Composite plot of turbinate deposition versus plume angle with different administration angles. Curves are provided for visualization only. No functional dependence is implied (with permission from Foo et al. (65))

CONCLUSION

Several types of therapeutic aerosol delivery systems, including pMDI, DPI, nebulizer, the solution mist inhaler, and nasal sprays, are widely used. Both oral and nasal inhalation routes are used for the delivery of therapeutic aerosols. Nasal inhalation is used for nasal sprays to deposit in the nasal cavity, whereas oral inhalation is used for other delivery systems to maximize deposition in the tracheobronchial and alveolar regions. Several methods have been used to estimate the dose to the respiratory tract for pharmaceutical aerosol.
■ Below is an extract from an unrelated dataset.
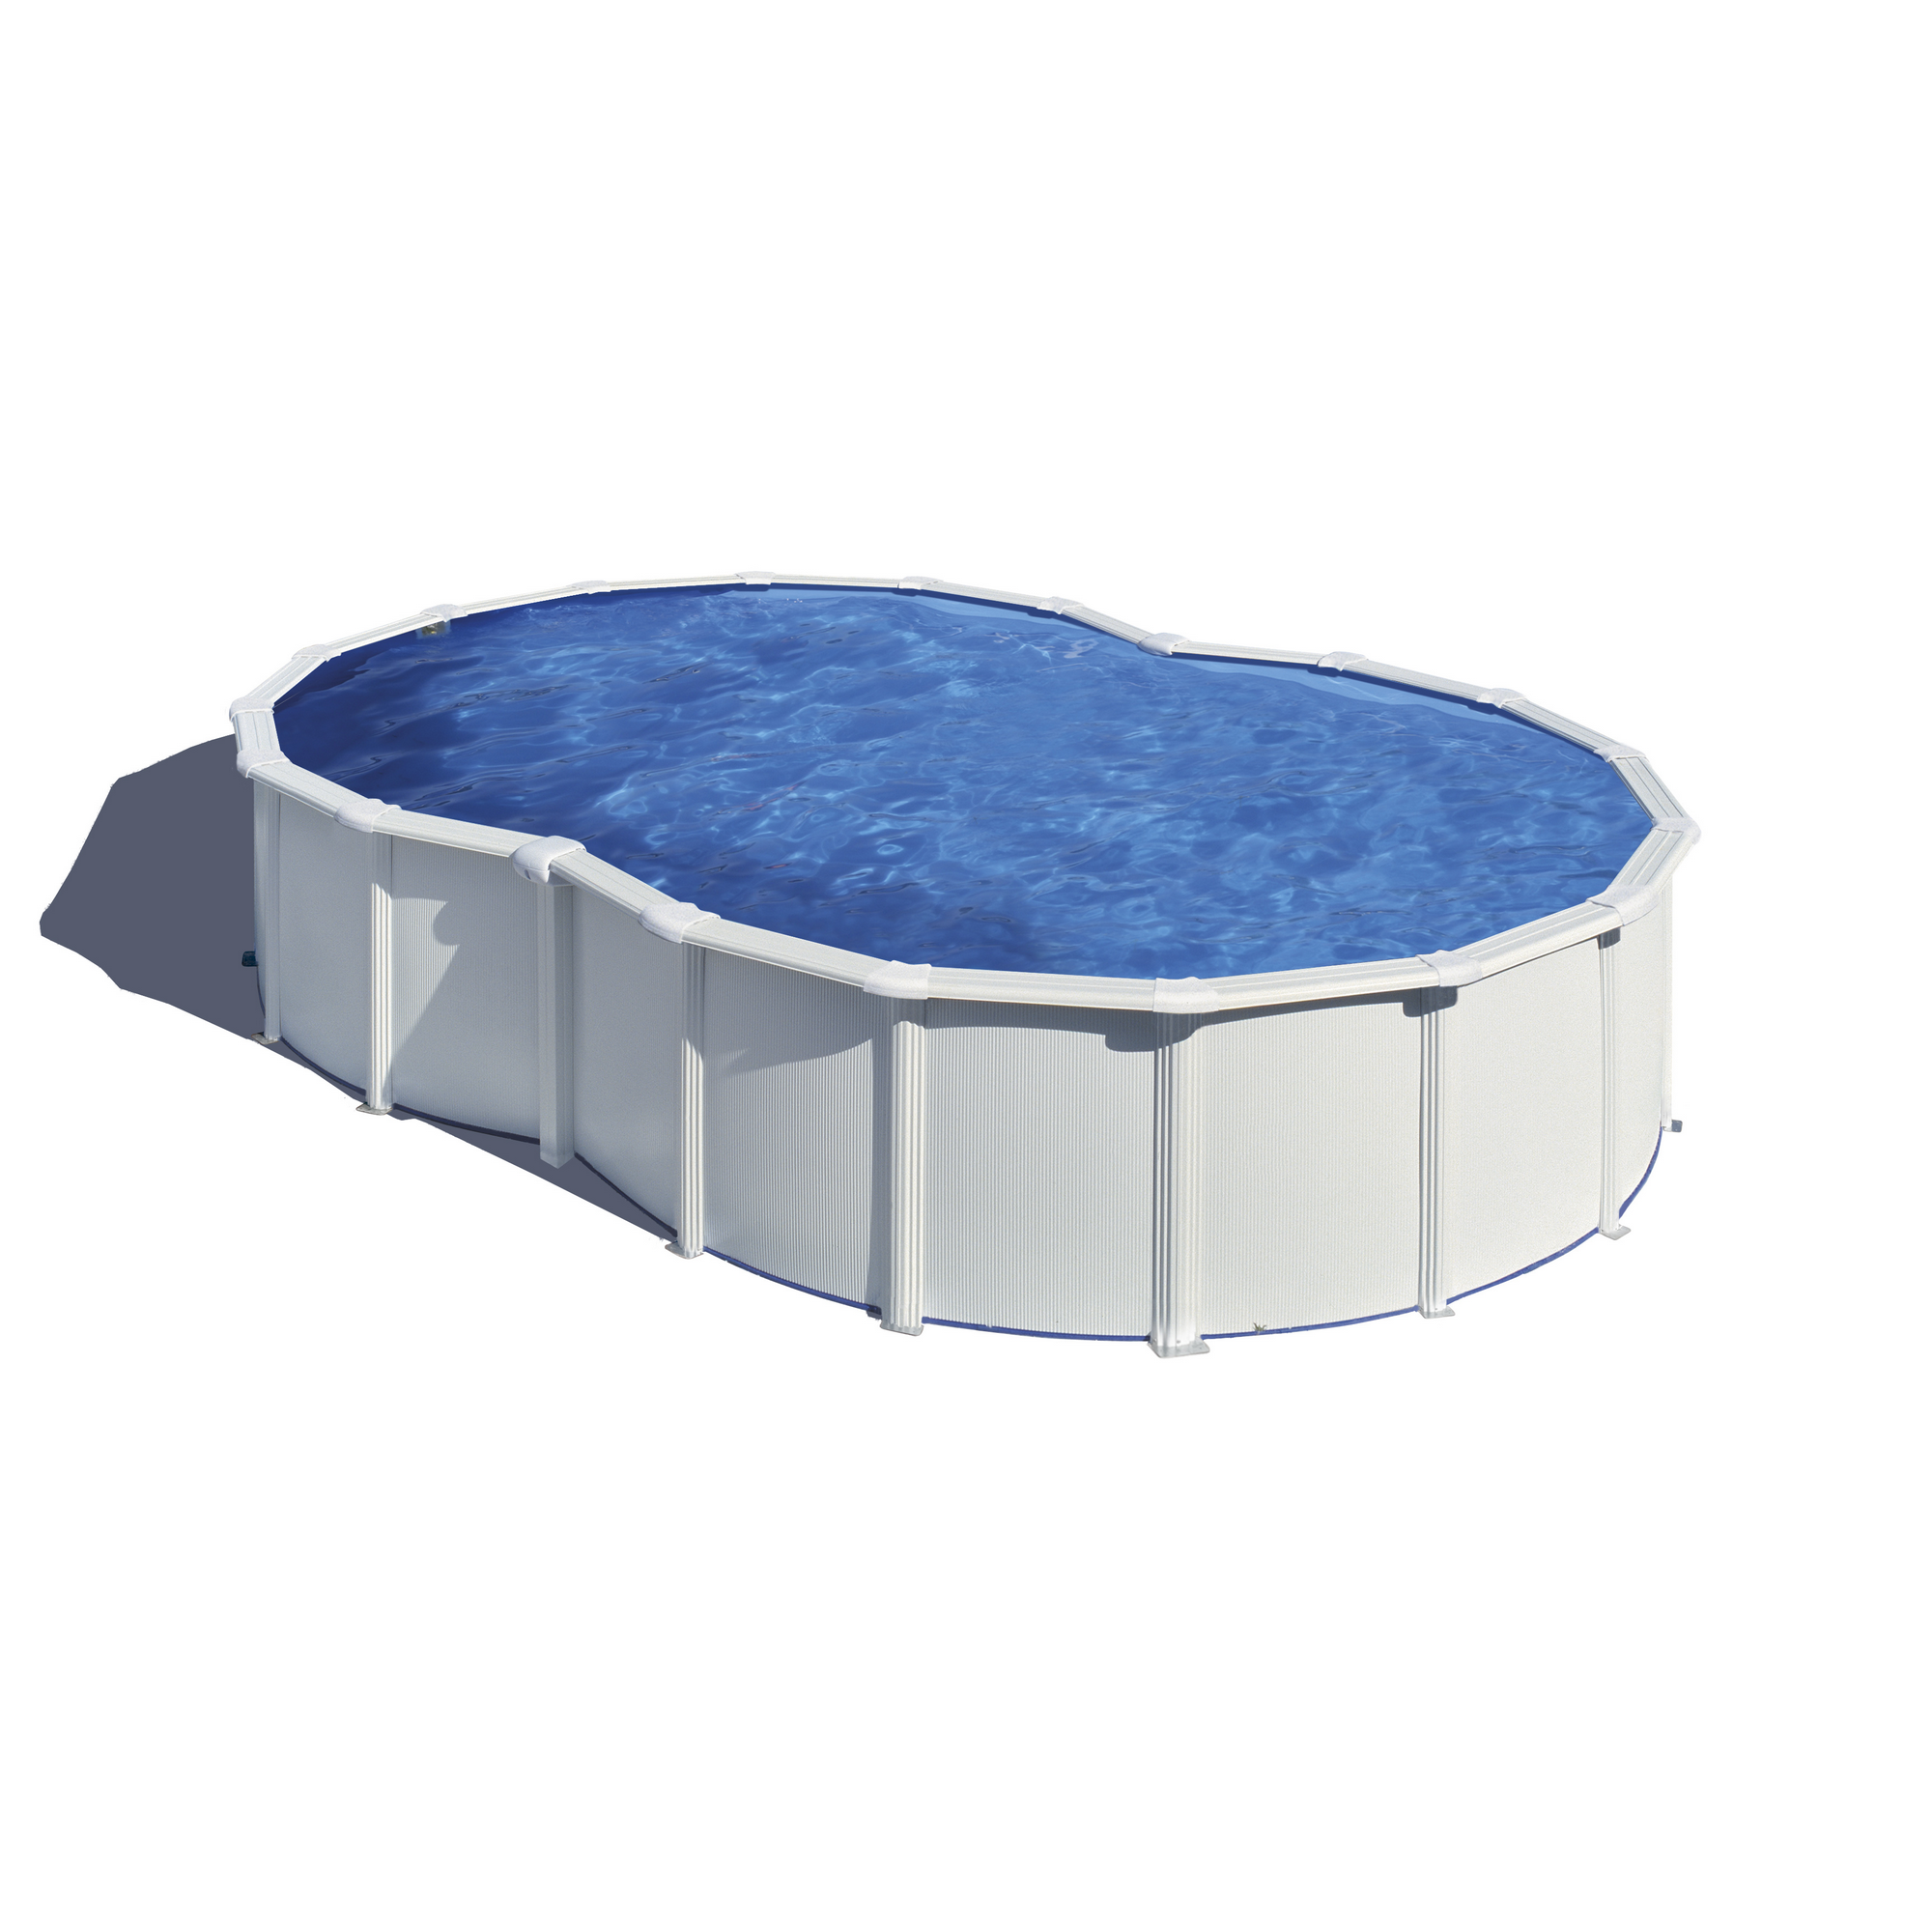 GRE Aufstellpool-Set ‚Varadero‘ blau/weiß achteckig 500 x 340 x 122 cm

FPF obtained from the in vitro test of particle size generally correlated with lung deposition fraction obtained from in vivo data but did not predict the correct deposition fraction. Aerosol deposition mechanisms in the human respiratory tract have been well studied. Prediction of pharmaceutical aerosol deposition using established lung deposition models has limited success primarily because they underestimated oropharyngeal deposition. Recent studies using realistic upper airway replicas and CFD simulation improved our understanding of aerosol transport and deposition process in the oropharyngeal regions. These studies prove that deposition by the impinging turbulent jet from the narrow diameter of the DPI mouthpiece is the main mechanism for the enhanced deposition in the oropharyngeal region. For pMDI devices, a high-speed jet from the nozzle is responsible for high deposition in the oropharyngeal region. Nasal spray devices producing droplets >40 μm would be deposited completely in the nasal cavity following the conventional lung deposition model. Materials penetrating the nasal valve available for deposition in the turbinate region are desirable. Studies using gamma scintigraphy and nasal airway replicas showed that there were minimal effects of droplet size, inspiratory flow, and device type on the deposition pattern. Both plume angle and administration angle were found to be the critical parameters in determining deposition efficiency.